- Prompt -
Please give back word for word the lines of the material below between the line containing "様々なテーブル席をご用意2名" and the line containing "Article du journal", inclusive.

- Provided records -
= Beginning of Section =
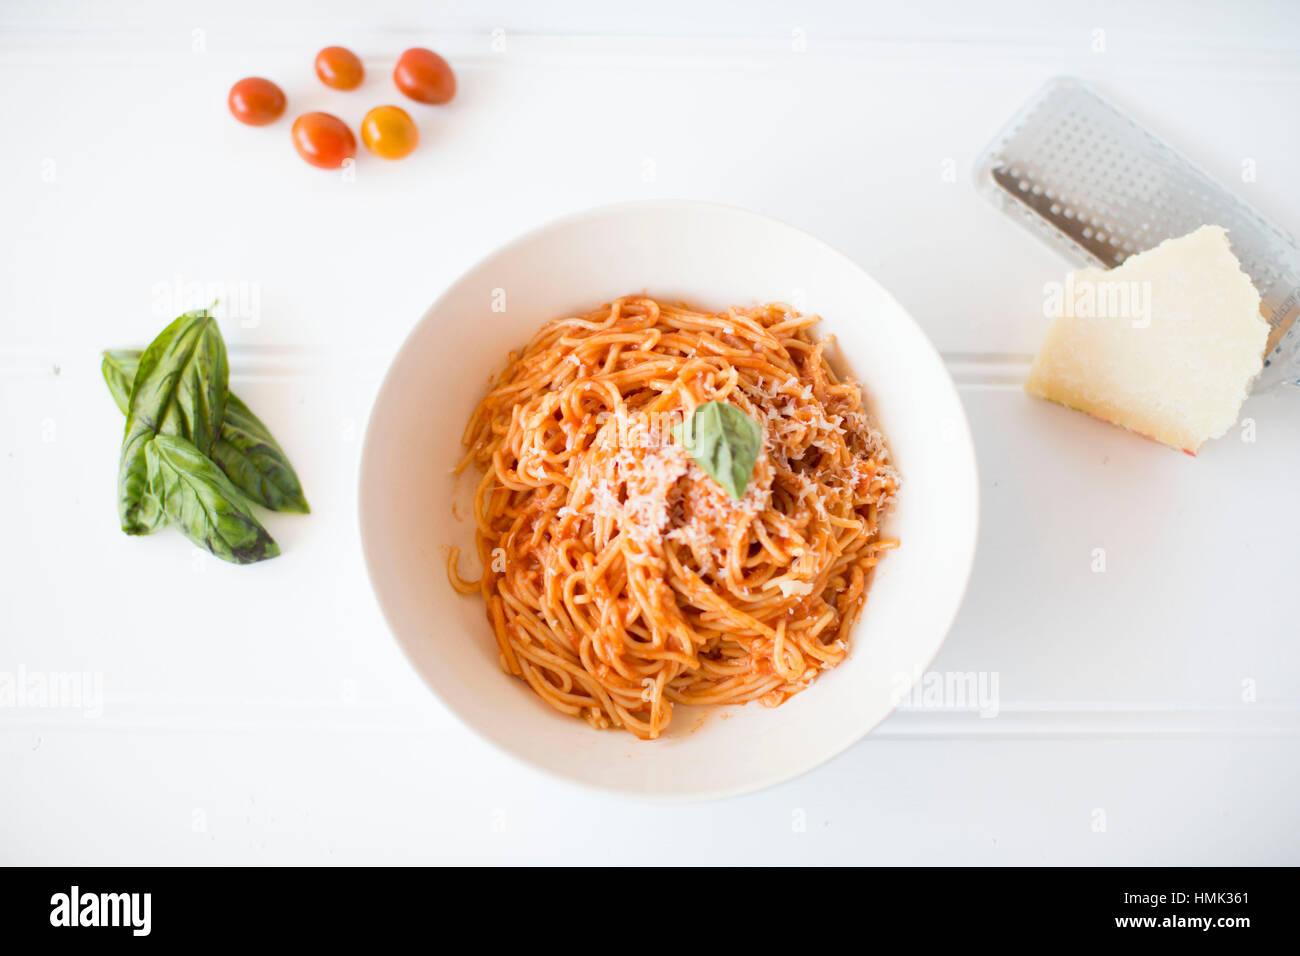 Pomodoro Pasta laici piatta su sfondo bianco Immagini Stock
= End of Section =
= Beginning of Section =
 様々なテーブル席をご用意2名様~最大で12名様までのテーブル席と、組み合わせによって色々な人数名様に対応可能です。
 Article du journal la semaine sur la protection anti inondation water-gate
= End of Section =
= Beginning of Section =
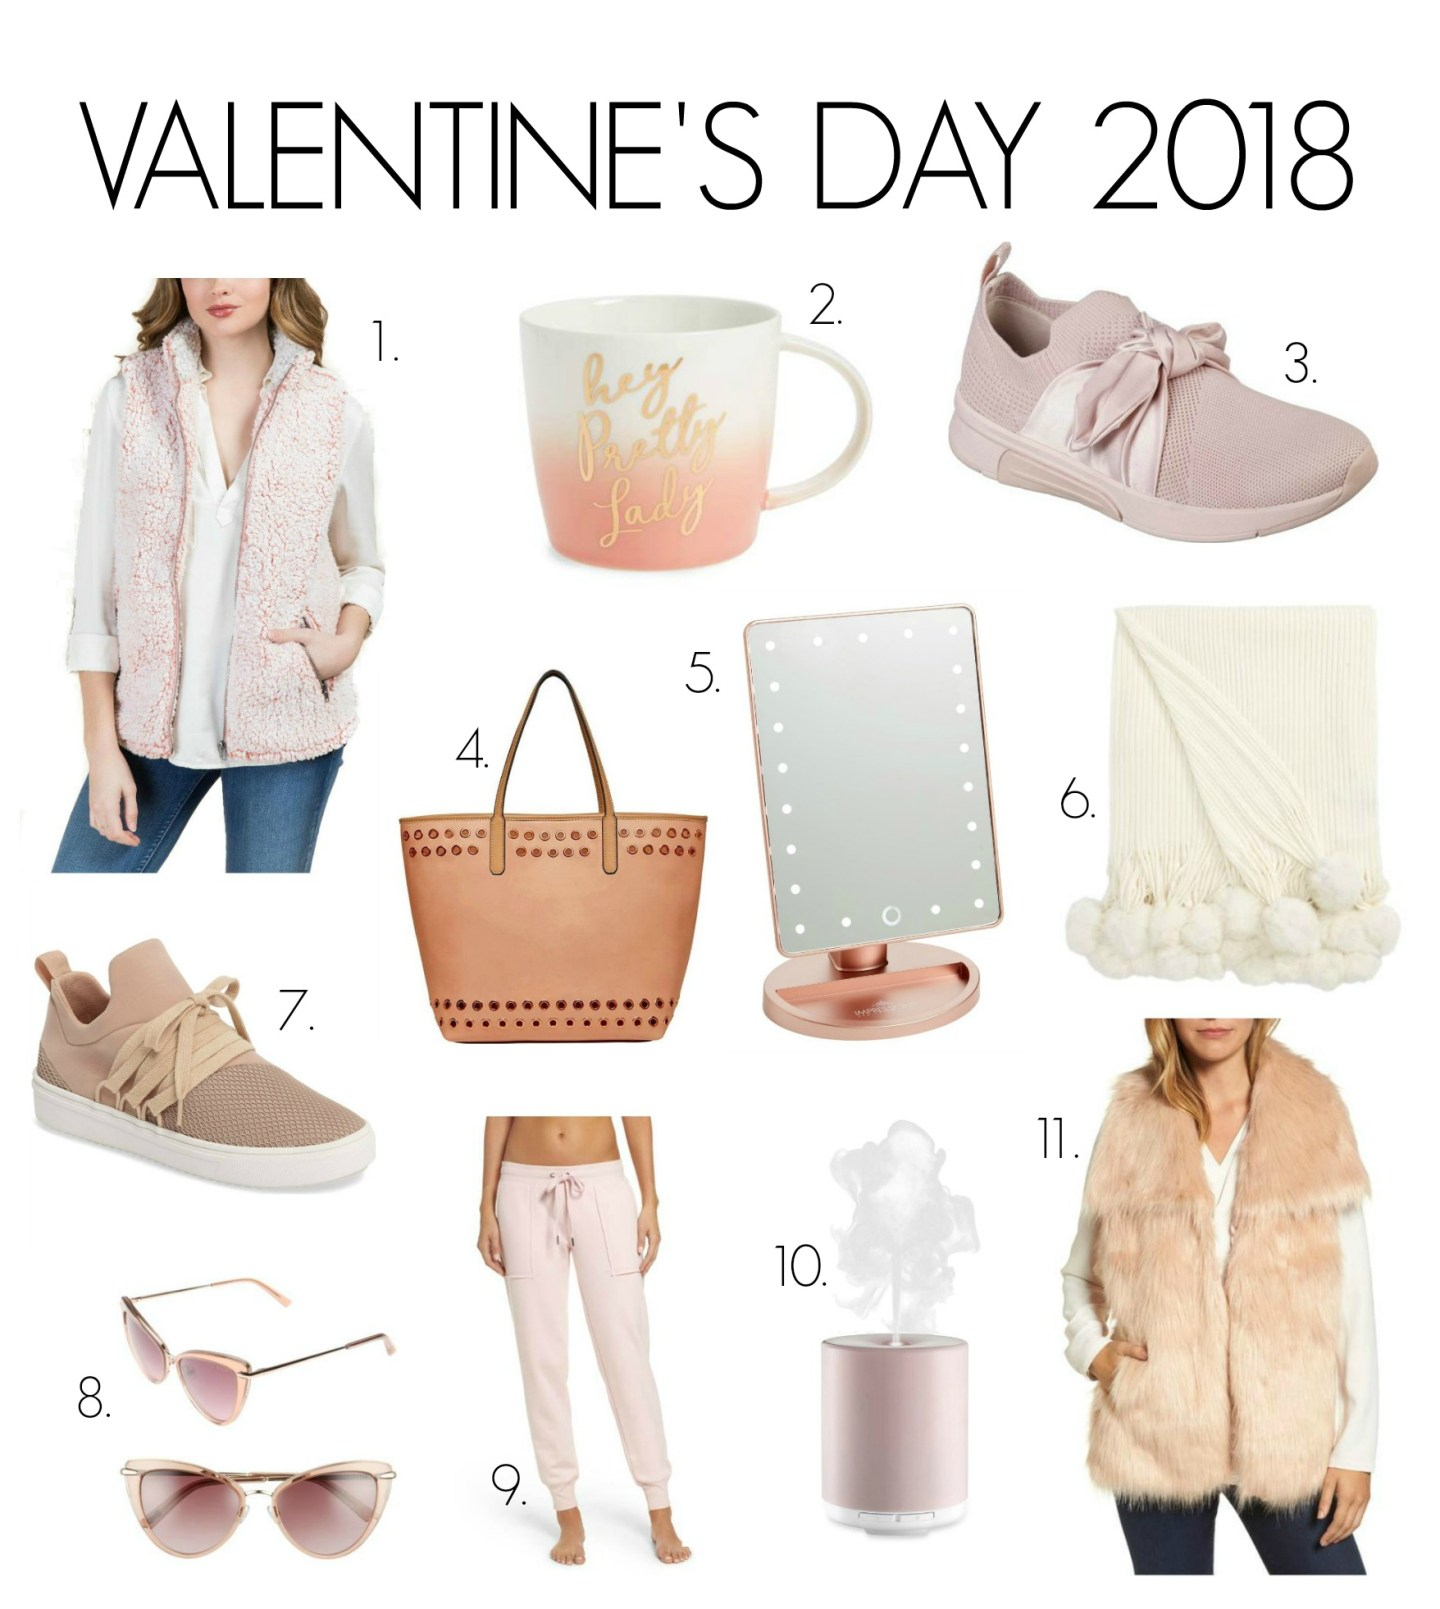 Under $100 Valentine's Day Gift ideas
= End of Section =
- Output below -
 様々なテーブル席をご用意2名様~最大で12名様までのテーブル席と、組み合わせによって色々な人数名様に対応可能です。
 Article du journal la semaine sur la protection anti inondation water-gate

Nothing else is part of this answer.